Backfilling history within RPC's retention window #323

mollykarcher · 2024-11-01T19:00:25Z

mollykarcher
Nov 1, 2024
Collaborator

What

RPC currently populates it's retention window just via "forward fill"; meaning, it starts out with no data and does not prune away any old data until it fills up it's retention window. This means that when spinning up a new node, an operator needs to wait the duration of their retention window before that RPC is actually retaining the amount of history that it is configured to retain. We'd propose changing that, so that an RPC can have a full retention window immediately (or quickly) on startup.

Why

There have been several context in which this has come up, some discussed internally and some from various provider use-cases. Some of these include:

Provider expects their retention window to be full on initial startup, rather than waiting for forward fill
- Falls under the "feature parity" with other L1s bucket
- ~~Note that I haven't actually seen/heard anyone complain about this~~ @overcat has indicated they'd want this
Provider expands their retention window, and the window is now partially empty and want to fill it asap, rather than waiting for forward fill
- We will experience this to some degree, when updating internal instance from 1 day -> 7 days
Provider has already built application logic against RPC's APIs and plans to use it on a going forward basis, but wants a one-time backfill/stream of all Soroban data
- At least 3 known requests from real users for something like this
- RPC used almost as a proxied streamer/ingester to churn through all soroban history
Provider wants "archival node" equivalent of RPC
- Recommendation here will likely be different than backfilling and storing full history (ie. CDP-backed RPC?)
[potential / future use case] Provider wants to reindex data in RPC
- We debated this internally prior to decided to support data migrations
- Potentially some future state where if RPC has filtering capabilities, this would enable you to change filters and reingest

How

How exactly we should implement this from a product-perspective is debatable, and we have a few different options. For example:

Backfill synchronously on startup
- The most "industry standard" approach when compared to other L1 RPCs
- Startup is slower, presuming all getHealth requests fail until backfill is complete
- Slows down the "default" case; local development, quickstart, tests, etc
- "Slow" issues unlikely to affect real/production instances, since most employ multi-replica or blue/green setups for upgrades
Backfill asynchronously in the background after startup
- Is this even technically possible? Would it mean we'd have to run 2 captive cores?
- Potentially confusing for end-users if it starts serving requests, but history retention/API responses changes over time
Backfill offline via a different command (a la horizon reingest), where backfill is mutually exclusive with "live" ingestion
- Potentially easier to understand for existing stellar operators due to the Horizon analog
- Backfilling must be a very intentional operator action (could be a pro or a con)

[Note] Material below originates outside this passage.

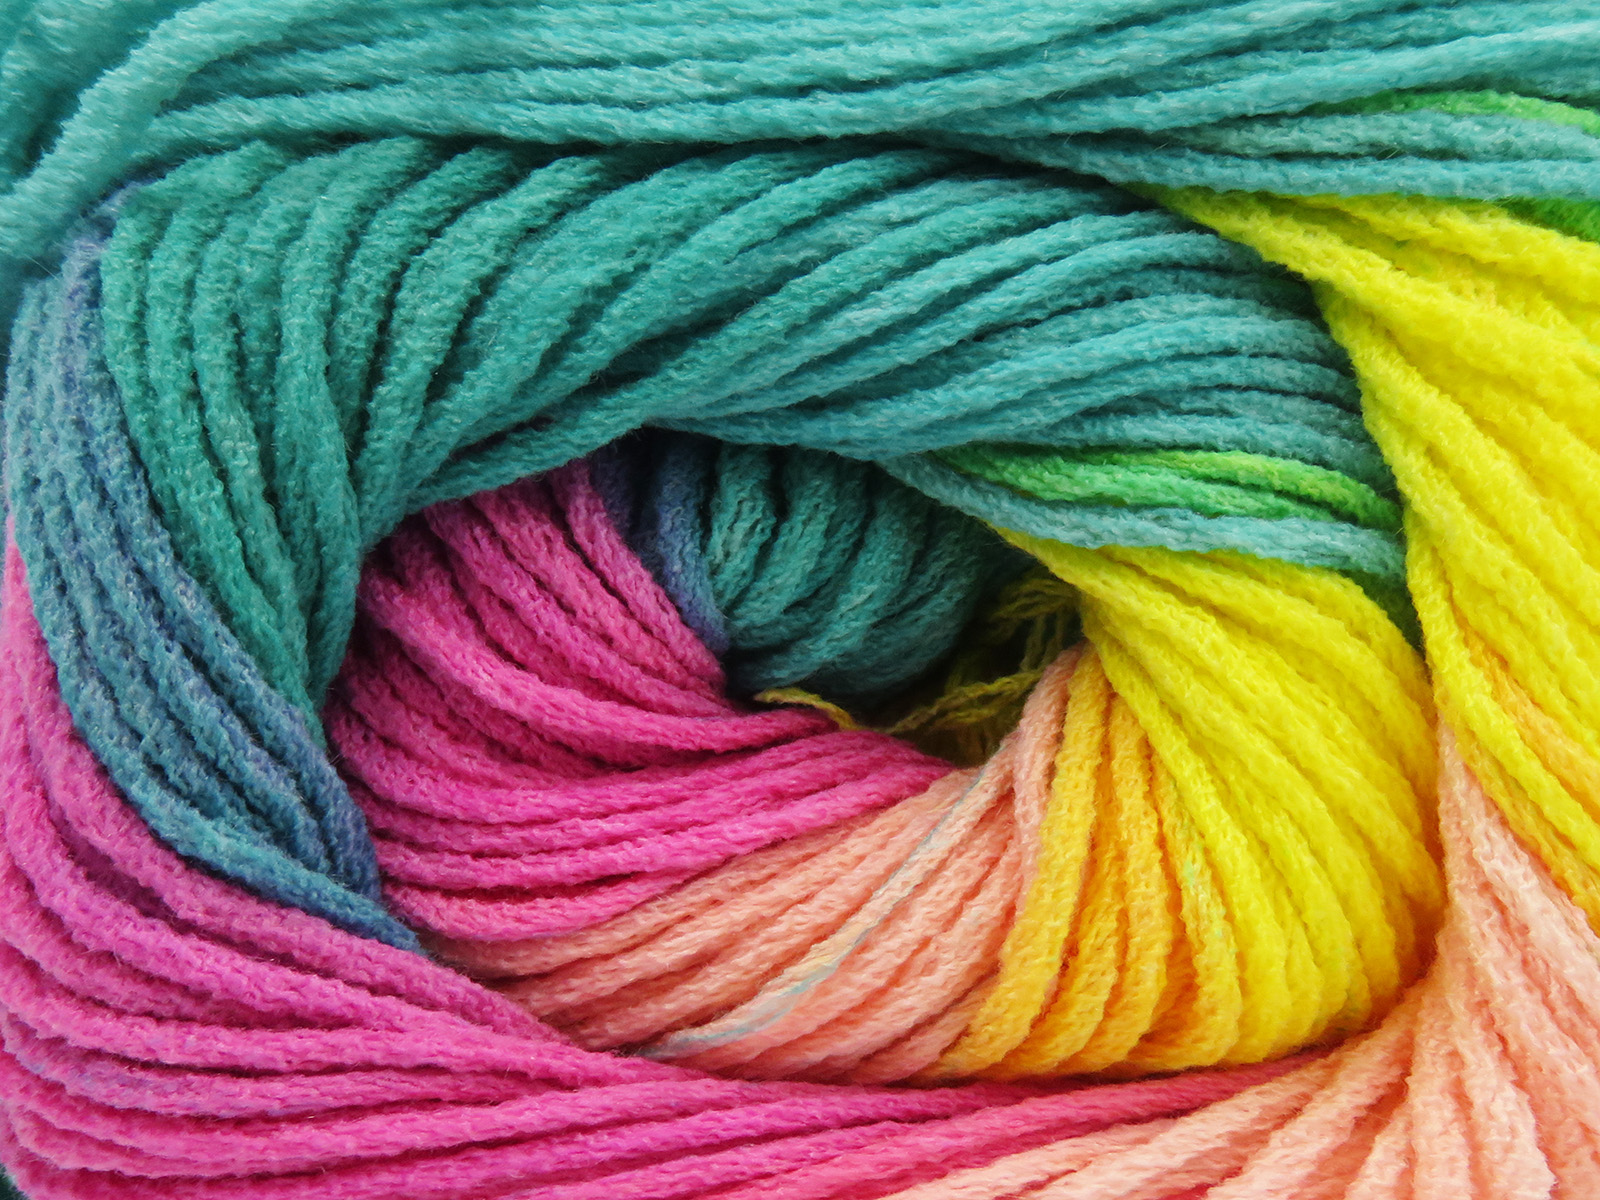 Magic Sock by Ice Yarns, Washable Wool, Self striping yarn

I think either of option 1/3 would be reasonable, but open to other thoughts. Other things/options to consider:

Should whether we backfill at all be configurable? Probably
Should we allow backfilling via both Captive Core and CDP? Probably, though we can prioritize which option makes the most sense to start with

chowbao · 2024-11-01T22:28:05Z

chowbao
Nov 1, 2024
Collaborator

Should whether we backfill at all be configurable? Probably

+1

Should we allow backfilling via both Captive Core and CDP? Probably, though we can prioritize which option makes the most sense to start with

Does backfilling need a Captive Core option? I would actually argue that backfill should be CDP only. Reasons being

As proven by @Shaptic CDP RPC backfill experiment, using CDP to backfill RPC is extremely easy and decouples the need to run/setup a Captive Core for a potentially large backfill time range
Pushes more users to use CDP for use cases CDP is good at

How exactly we should implement this

I'm in favor of option 3 Backfill offline via a different command but I'm not the most familiar with RPC so will defer to other's opinions

1 reply

Shaptic Nov 4, 2024
Collaborator

I agree that we should make it CDP only if we could, but I doubt that'll fly.

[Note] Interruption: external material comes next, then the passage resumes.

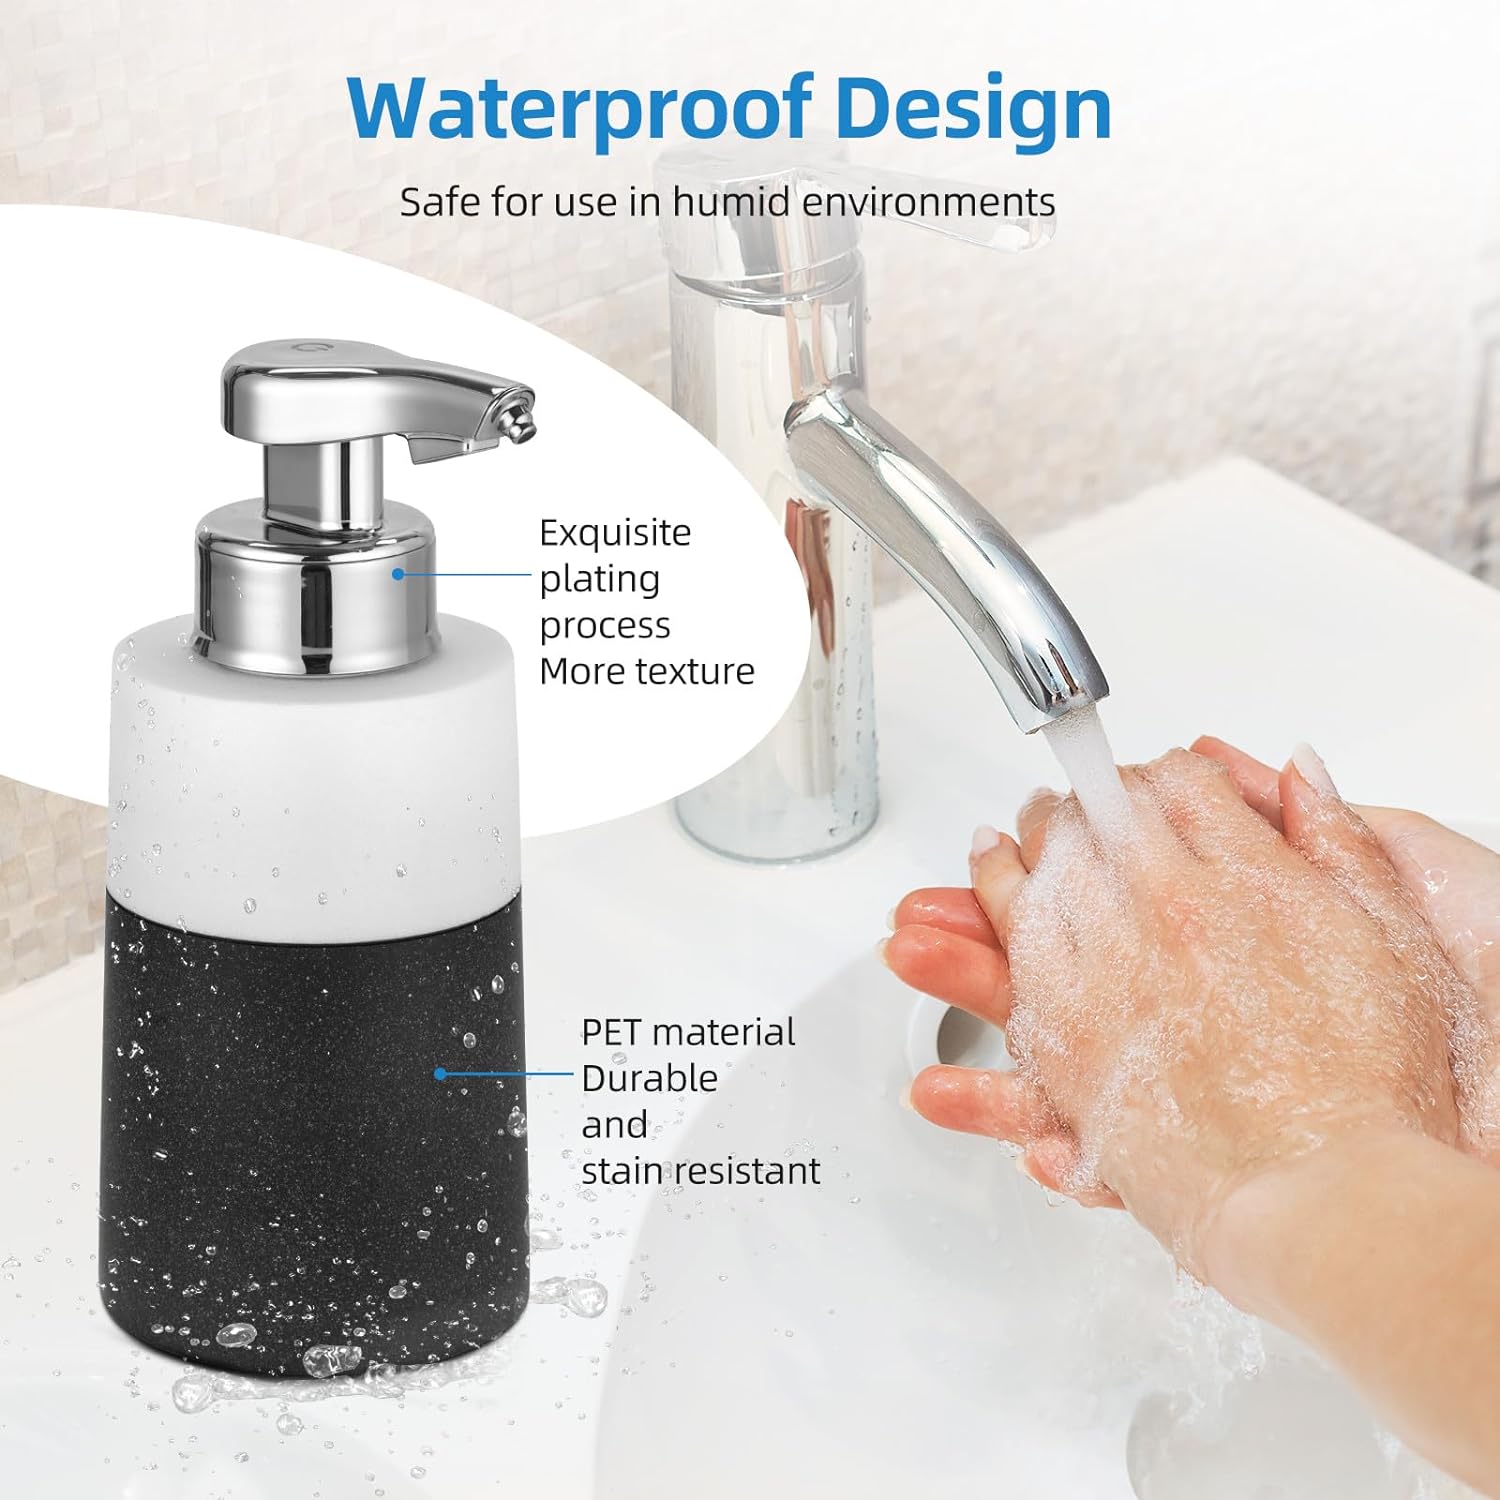 Automatic Soap Dispenser Touchless: 10oz Liquid Soap Dispenser, Hand Free Soap Dispenser Rechargeable Soap Dispenser, for Bathroom, Kitchen, Hotel

tomerweller · 2024-11-04T14:28:14Z

tomerweller
Nov 4, 2024
Maintainer

My vote is for 1 and sync via captive core by default with an option to use CDP instead

2 replies

Shaptic Nov 4, 2024
Collaborator

I'd vote for the opposite defaults because we want to push people to CDP, but still have the captive core option if they decide to opt-out: the additional friction might get us more CDP users.

tomerweller Nov 8, 2024
Maintainer

So the idea would be that a default configuration would introduce a hard requirement on CDP? How is the operator expected to have access to CDP?

tamirms · 2024-11-04T18:26:29Z

tamirms
Nov 4, 2024
Collaborator

There are a few challenges with option 3, Backfill offline via a different command (a la horizon reingest):

Having an separate ingest command introduces the possibility of having gaps in RPC's dataset. For example, if you ingest ledgers [5000, 10000] into an empty rpc DB and then startup rpc when the latest ledger is 15000, that will result in a gap between ledgers 10000 and 15000.
I don't think sqlite allows concurrent write access so it will not be possible to run the ingest command while rpc is running or vice versa. This could lead to a confusing experience for the operator if they aren't aware of this issue.
RPC will immediately trim data which is outside its retention window. So, if you ingest a ledger range which is in the distant past (e.g. outside the 7 day retention window), all of it will be immediately deleted when you start up rpc. This is another issue which could frustrate the operator if they aren't careful about adjusting the retention window after running the ingest command.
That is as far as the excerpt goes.